The cookies should be lightly golden on the bottom, and pale on top. 

Will harden as they cool, but if they are too soft you can bake them for another minute.

Repeat with the remaining dough if desired.

Icing and final touches

Once the cookies have cooled down to room temperature you can glaze them:

Mix all the icing ingredients in a bowl, the icing should not be too runny.

Dunk one cookie at a time, about 1/3 of the way and place it flat on a cooling rack. Repeat with the other cookies.

If you want extra "sparkles" you can alway sprinkle sanding sugar on the icing!

Wait until the cookies are dry before you loop the tea tags (twine) around the hole.

For your convenience here's a template for the teabag tags. You can use this over any colored paper. Works like a charm, just cut it in half, insert the twine of approximately 10 inches lenghts and glue the two parts with non toxic glue.


Easy peasy, fun craft with kids!

How to store

The cookies fair very well at room temperature for a day or two or in the refrigerator for 7 days.

If you decide to freeze them after cooking, do not glaze them until defrosted.

Also, you can always freeze the cookied dough for a later use, for up to 3 months.

Advice

Before you get started, just a few tips:

To avoid dry cookies, is important to measure the flour as follows:

  - scoop the flour onto the measuring cup, piling it over the rim

  - level it off with a knife, run flash with the rim, to eliminate the excess

  - use measuring cups for dry ingredients only.

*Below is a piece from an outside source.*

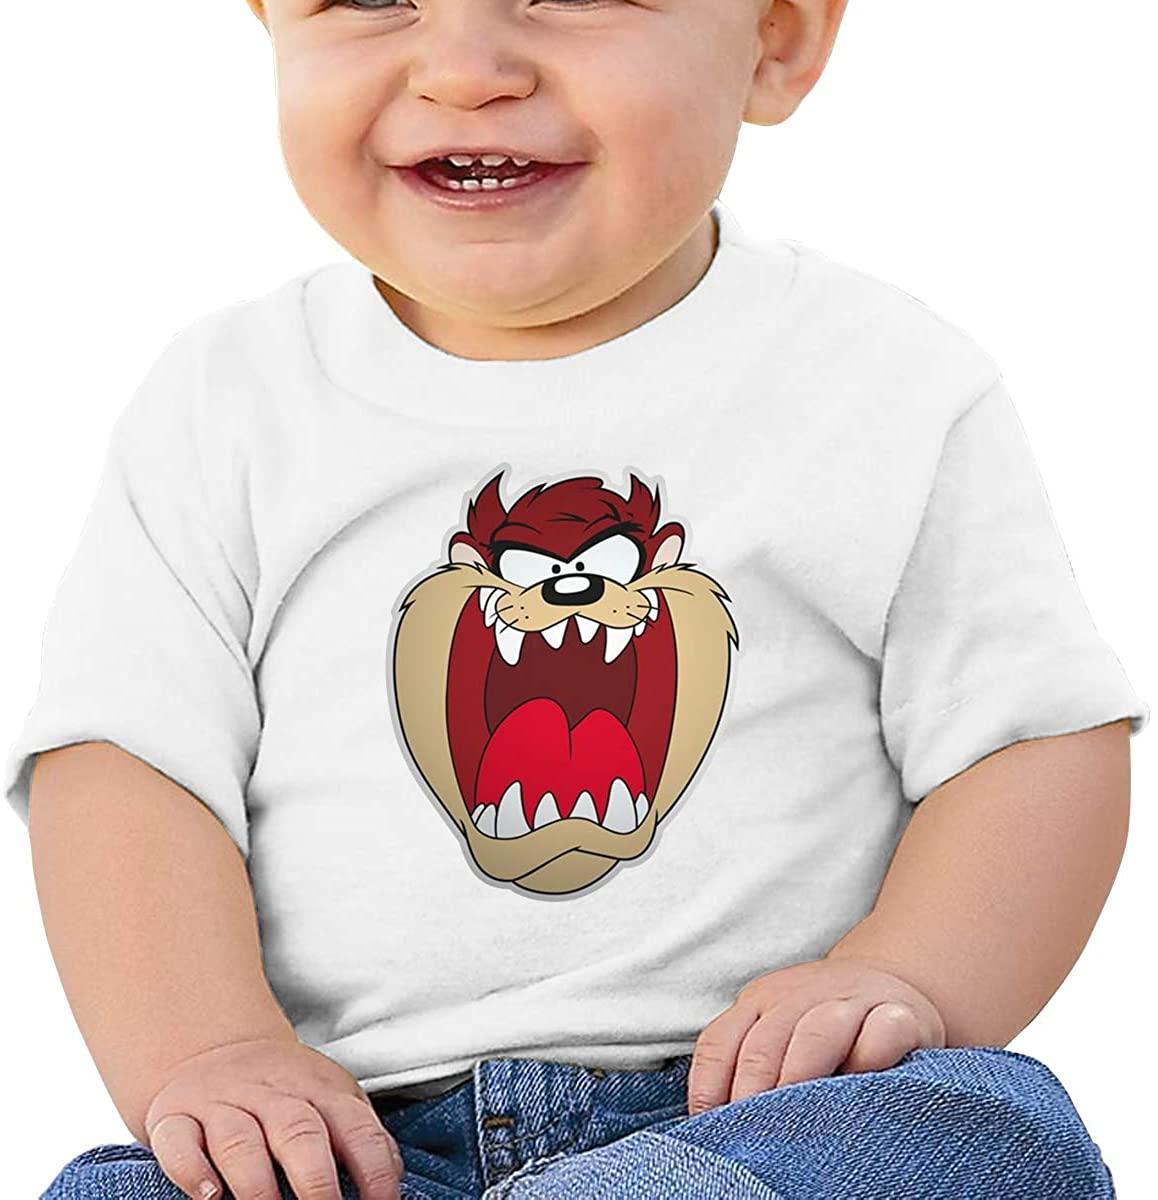 6-24 Months Boy and Girl Baby Short Sleeve T-Shirt Looney Tunes Tasmanian Devil Taz Original Minimalist Style White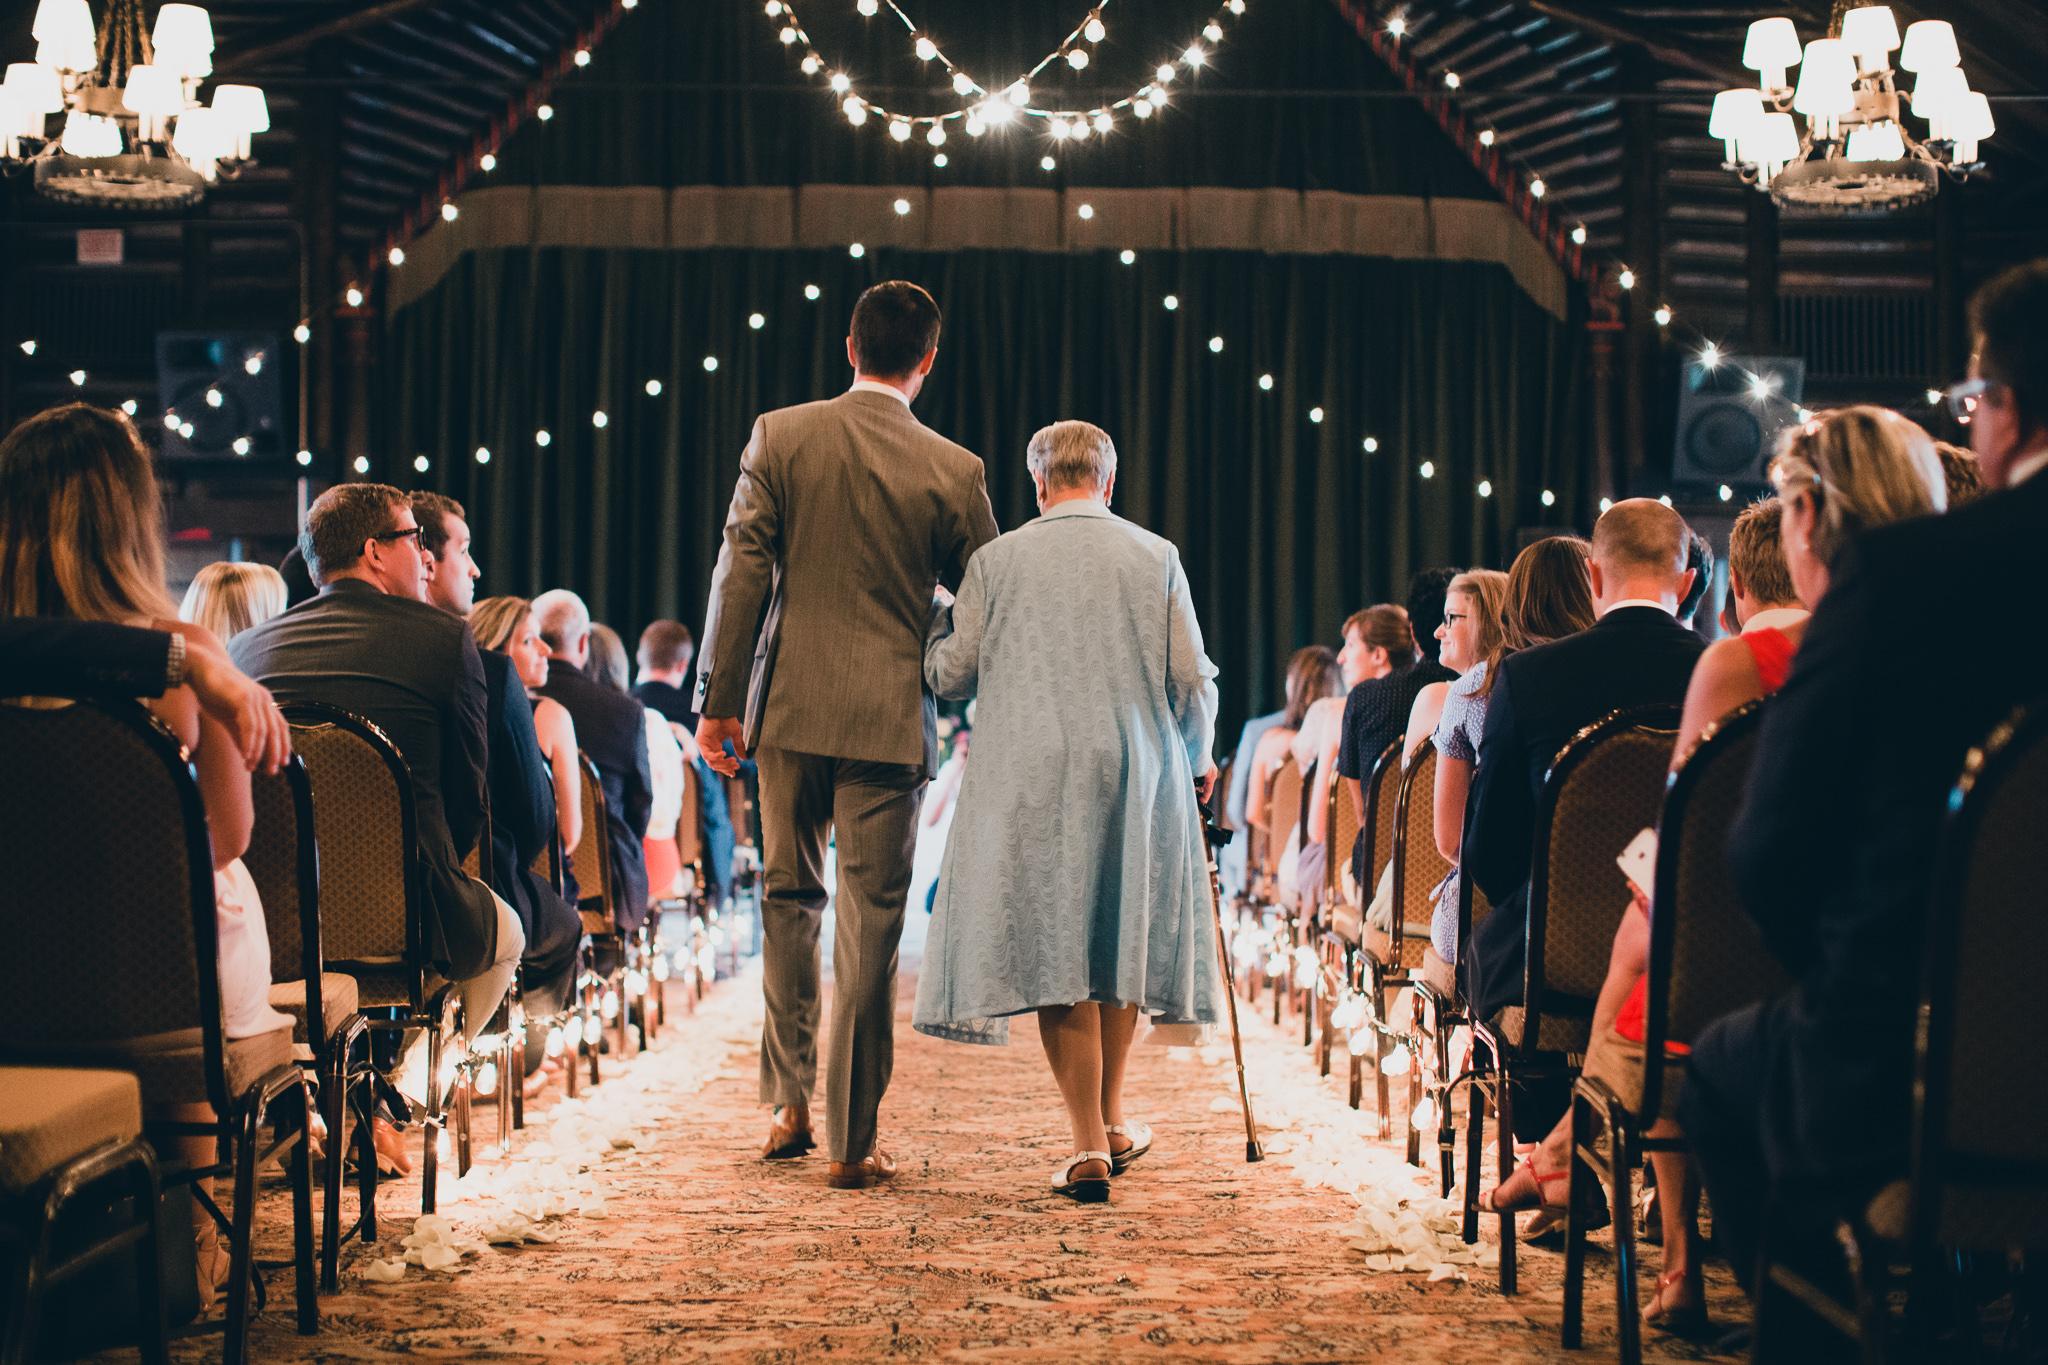 Chateau Montebello Indoor wedding ceremony location

To get the perfect consistency: the eggs should be large, or the amount of liquids could be too much (extra large egg) or too little (medium egg).

It is better not to use salted butter when baking: salt content is unknown in salted butter, and could be as much as 1 tsp per stick, compromising the overall flavor of the recipe.

Finally, one piece of advice on Matcha: the Matcha Tea powder, when baked, tends to turn brown, that is why we don't put it in the cookie dough. It is much more flavorful only in the icing, also its color shines!